*Available data:*
.....

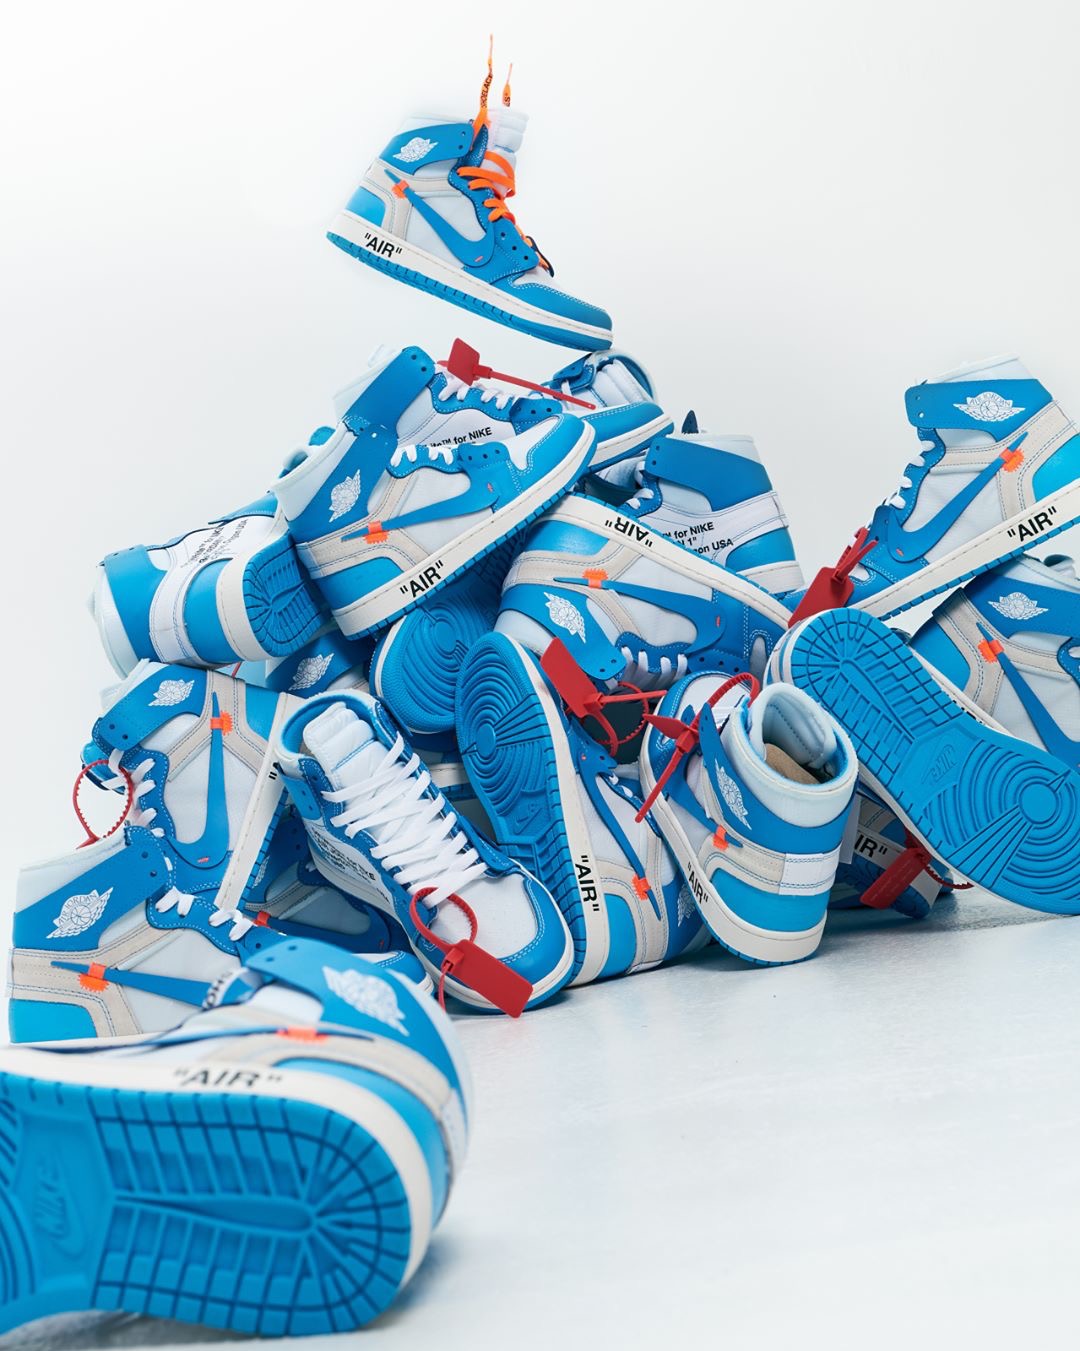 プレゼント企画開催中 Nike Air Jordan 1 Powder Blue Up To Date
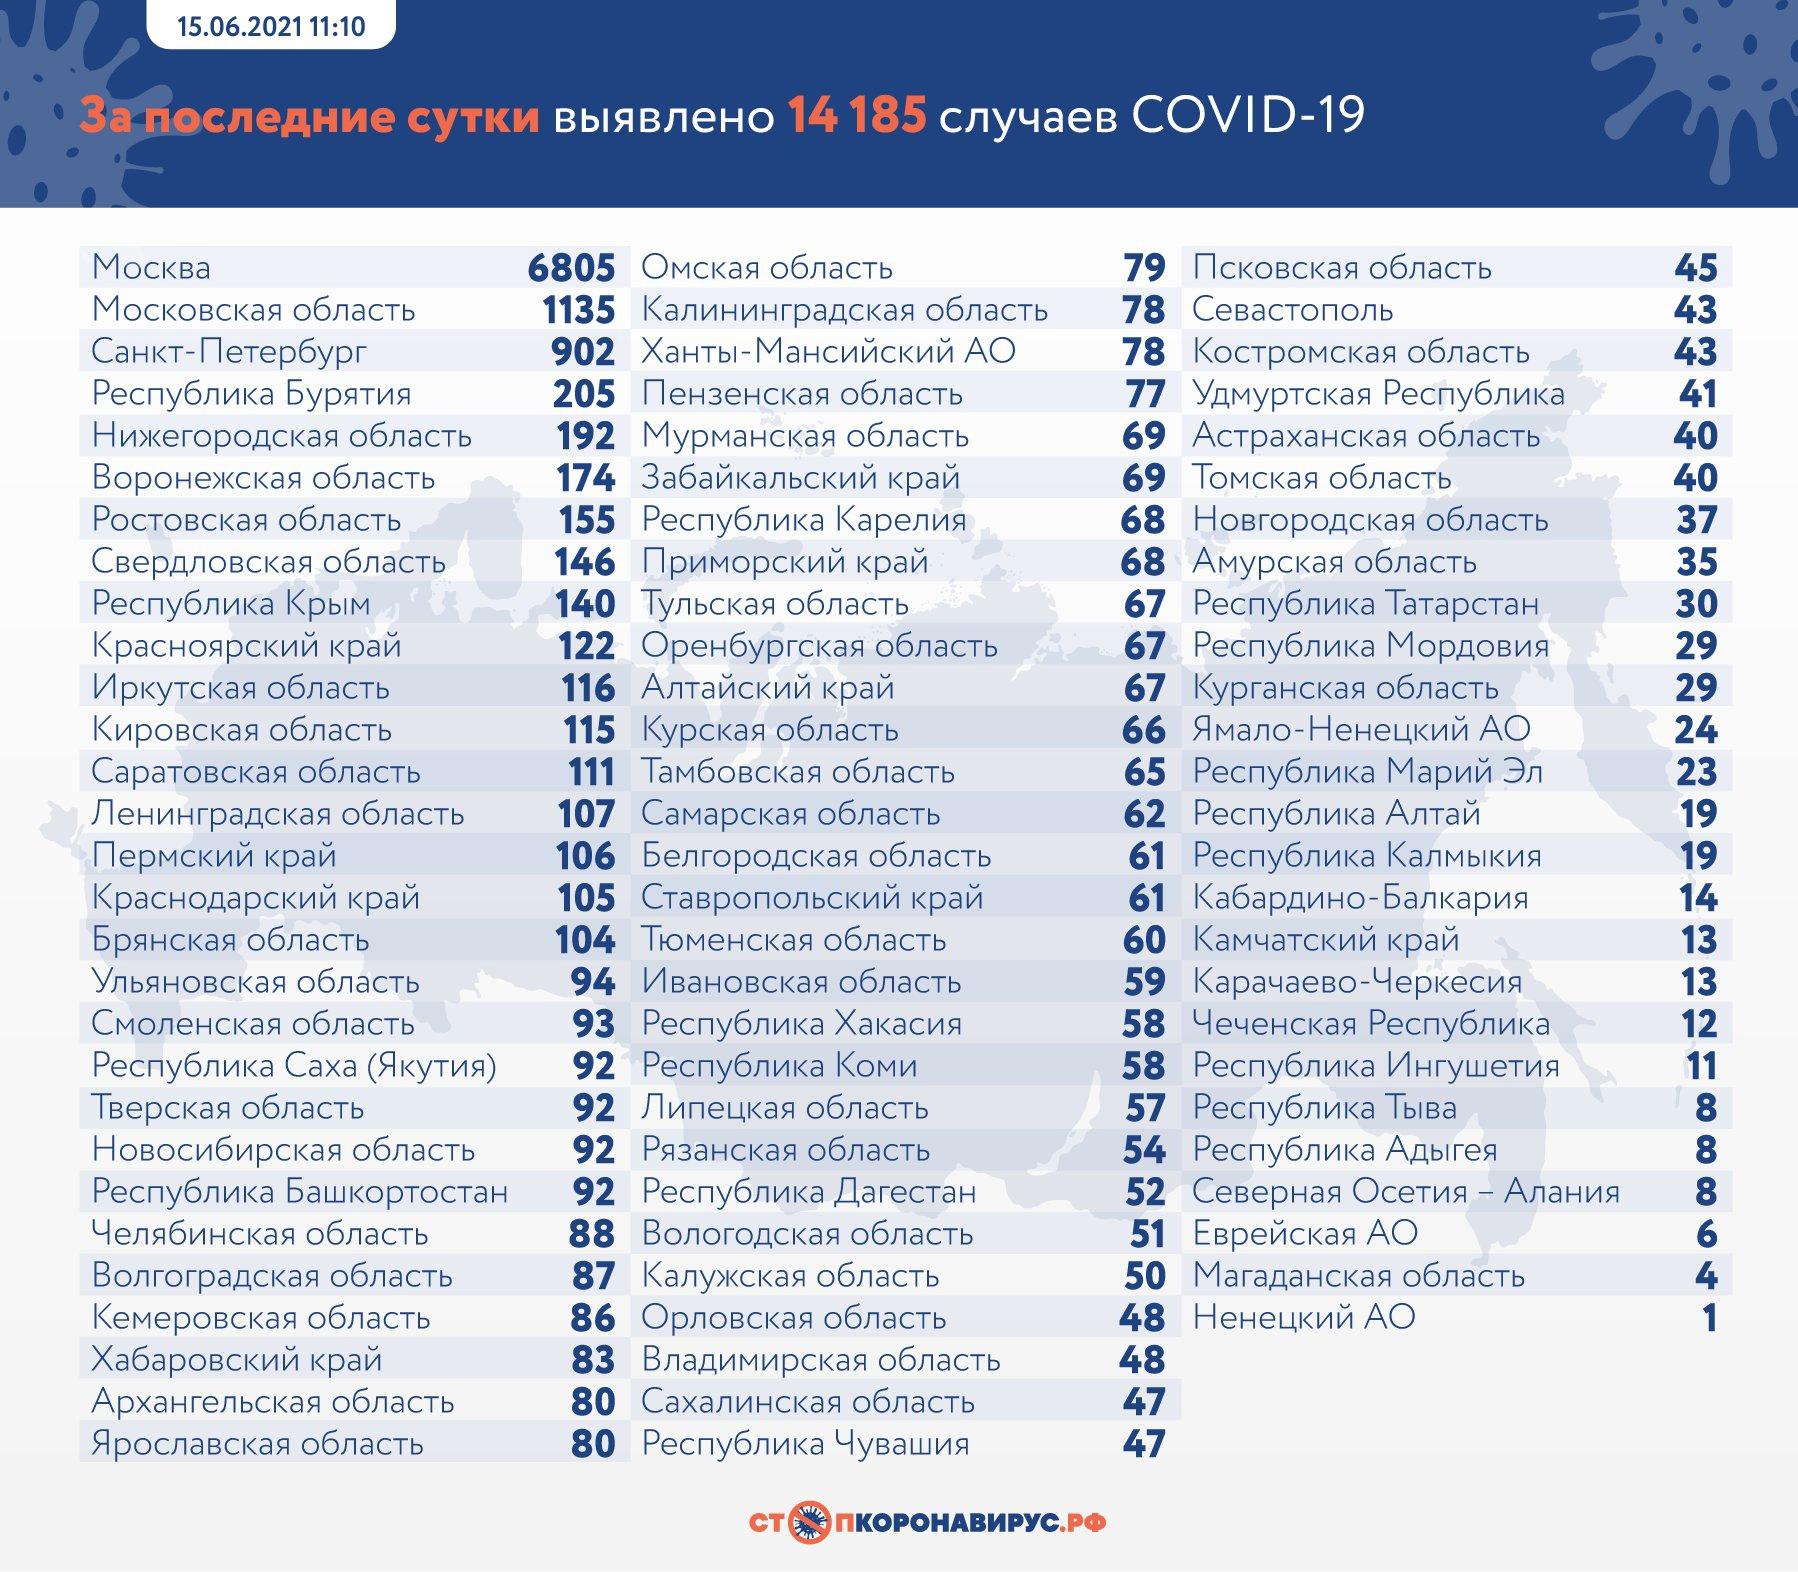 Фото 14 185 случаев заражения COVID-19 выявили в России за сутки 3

.....

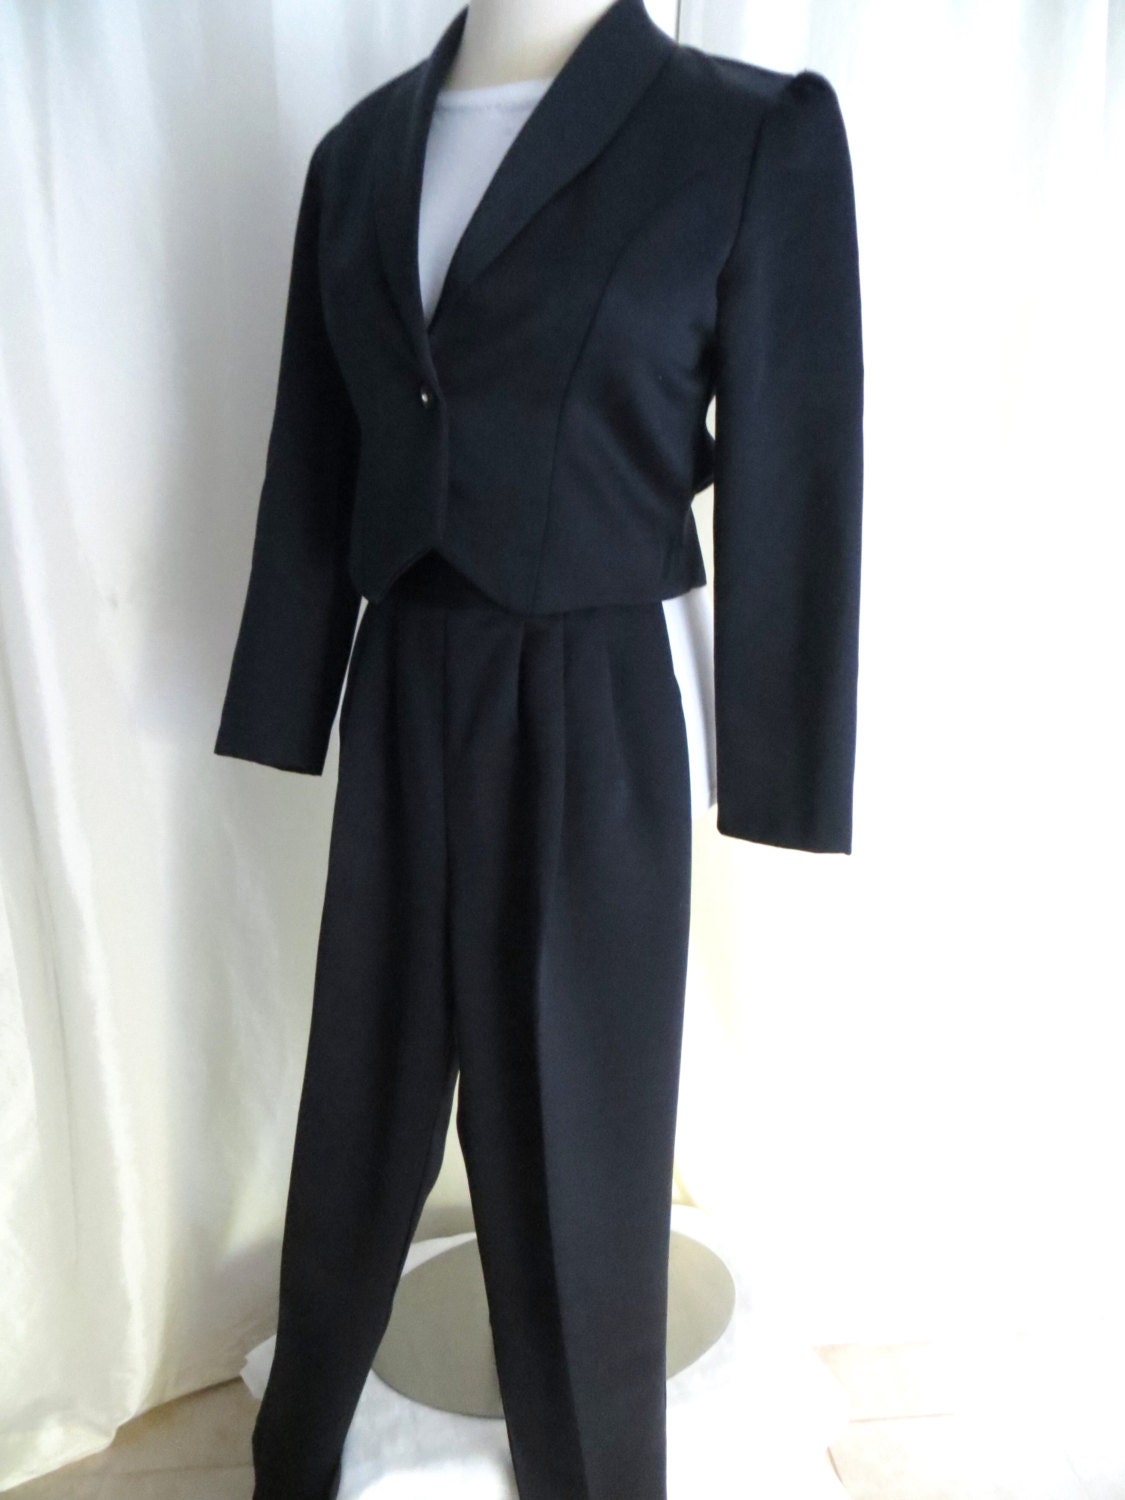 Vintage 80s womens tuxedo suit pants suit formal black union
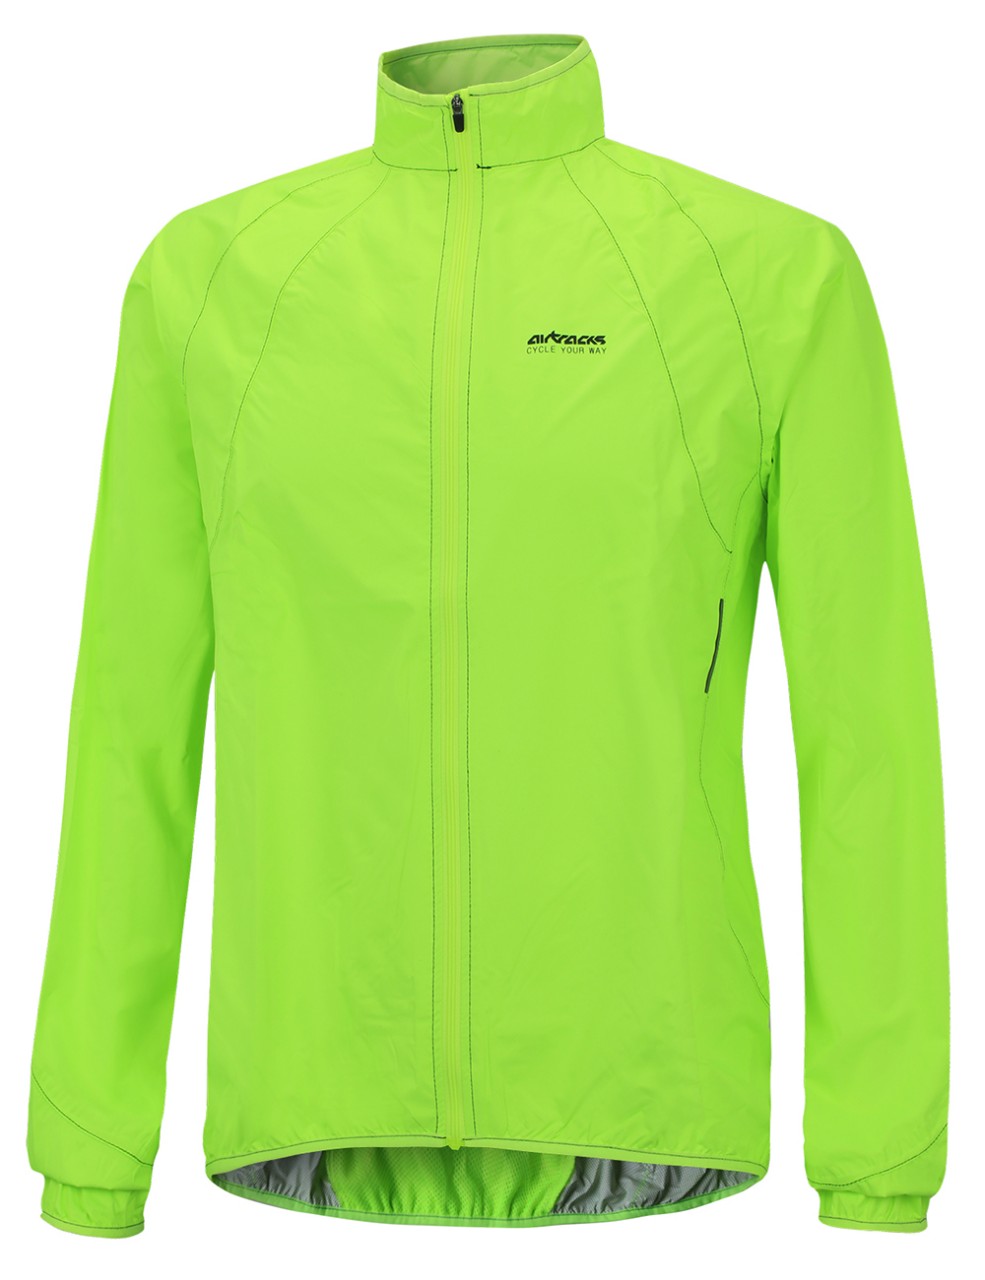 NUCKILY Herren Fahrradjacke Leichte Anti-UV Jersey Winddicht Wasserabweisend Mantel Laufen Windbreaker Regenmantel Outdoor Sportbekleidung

.....

*Exercise directions:* Give the lines above again exactly, from the one containing "プレゼント企画開催中 Nike Air" to the one containing "Фото 14 185", both included, but leave out the pictures.

*Expected answer:*
 プレゼント企画開催中 Nike Air Jordan 1 Powder Blue Up To Date
 Фото 14 185 случаев заражения COVID-19 выявили в России за сутки 3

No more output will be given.